Abstract
Background
Chlorobenzoic acids (CBA) are intermediate products of the aerobic microbial degradation of PCB and several pesticides. This study explores the feasibility of using basket willows, Salix viminalis, to remove 4-CBA from polluted sites, which also might stimulate PCB degradation.
Methods
The removal of 4-CBA by willow trees was investigated with intact, septic willow trees growing in hydroponic solution and with sterile cell suspensions at concentrations of 5 mg/L and 50 mg/L 4-CBA. Nutrient solutions with different levels of ammonium and nitrate were prepared to achieve different pH levels. The concentration of 4-CBA was tracked over time and quantified by HPLC.
Results and discussion
At the low level of 4-CBA (5 mg/L), willows removed 70% (pH 4.2) to 90% (pH 6.8), while 48% (pH 4.2) to 52% (pH 6.8) of the water was transpired.

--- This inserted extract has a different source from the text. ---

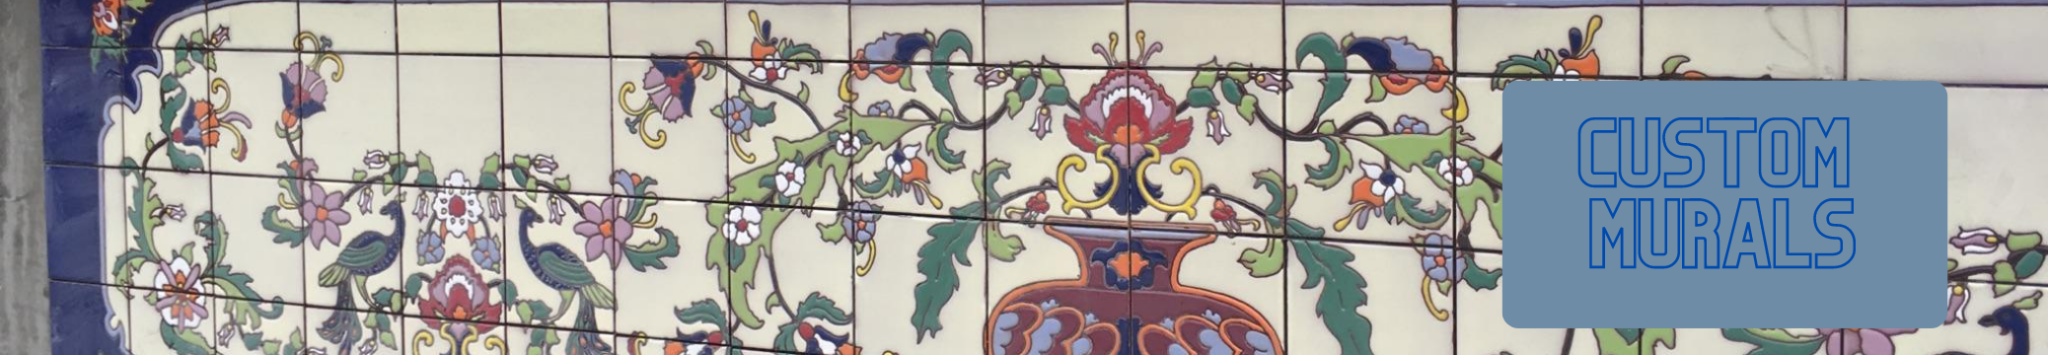 A 1920 reproduction of a floral mural with a vase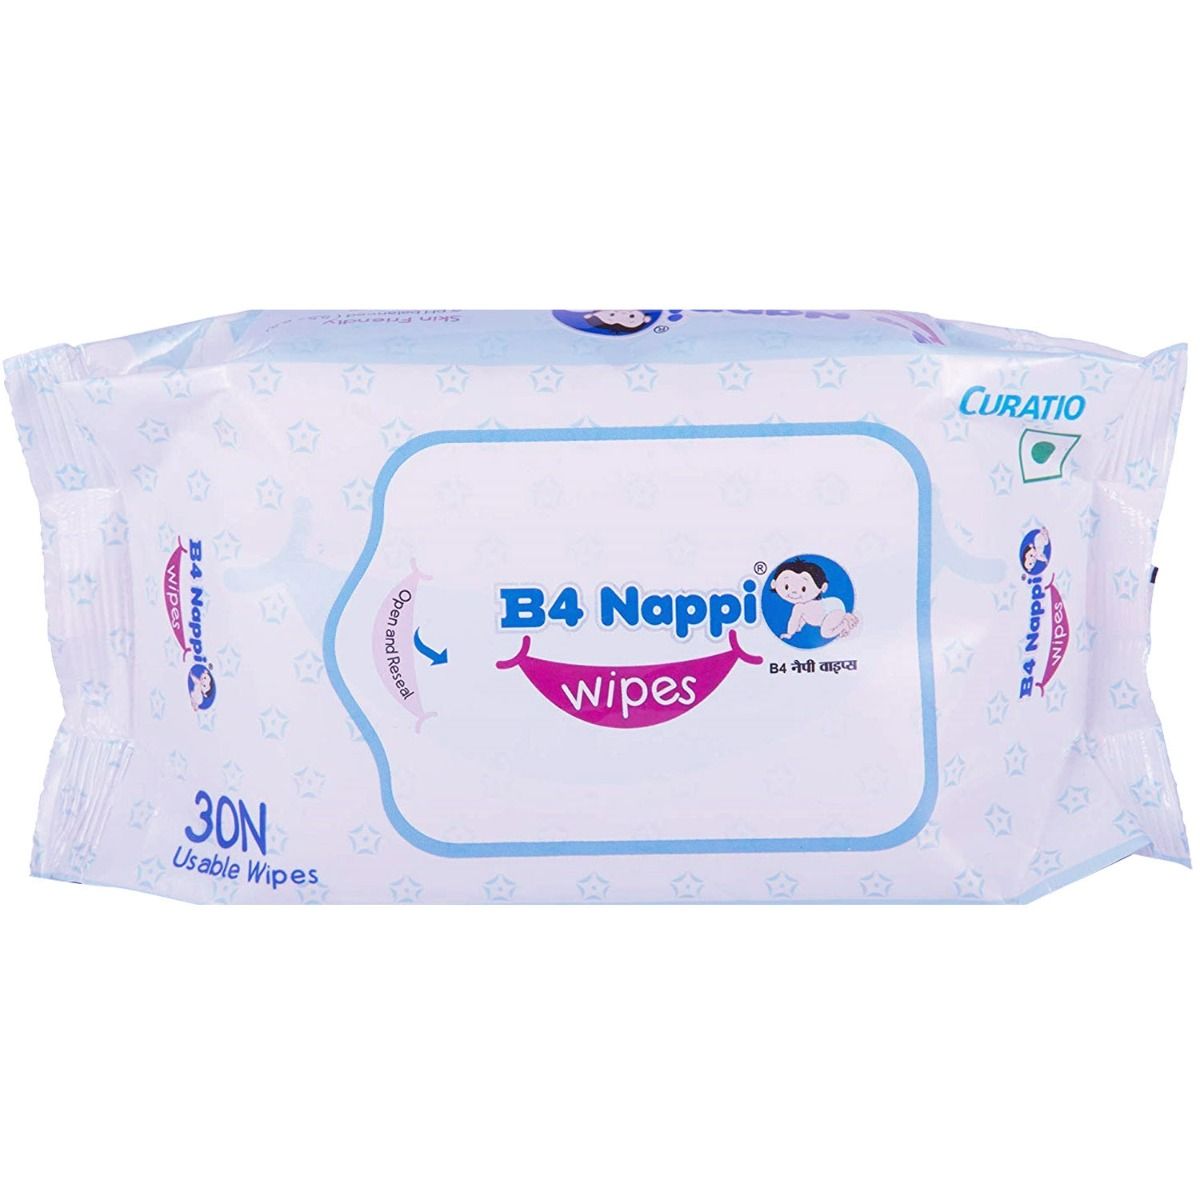 Buy B4-Nappi Wipes, 30 Count Online

At the high 4-CBA level (50 mg/L), the pH varied between 4.4 and 4.6, and 10% to 30% of 4-CBA was removed, but only 5% to 9% of the water. In sterile cell suspensions, removal of 4-CBA by fresh biomass was much higher than removal by dead biomass.
Conclusions
The results indicate that 4-CBA is toxic to willow trees at 50 mg/L. The removal of 4-CBA from solution is by both passive processes (uptake with water, sorption to plant tissue) and metabolic processes of the plants.
Recommendations and outlook
Plants, such as willow trees, might assist in the degradation of PCB and their degradation products CBA.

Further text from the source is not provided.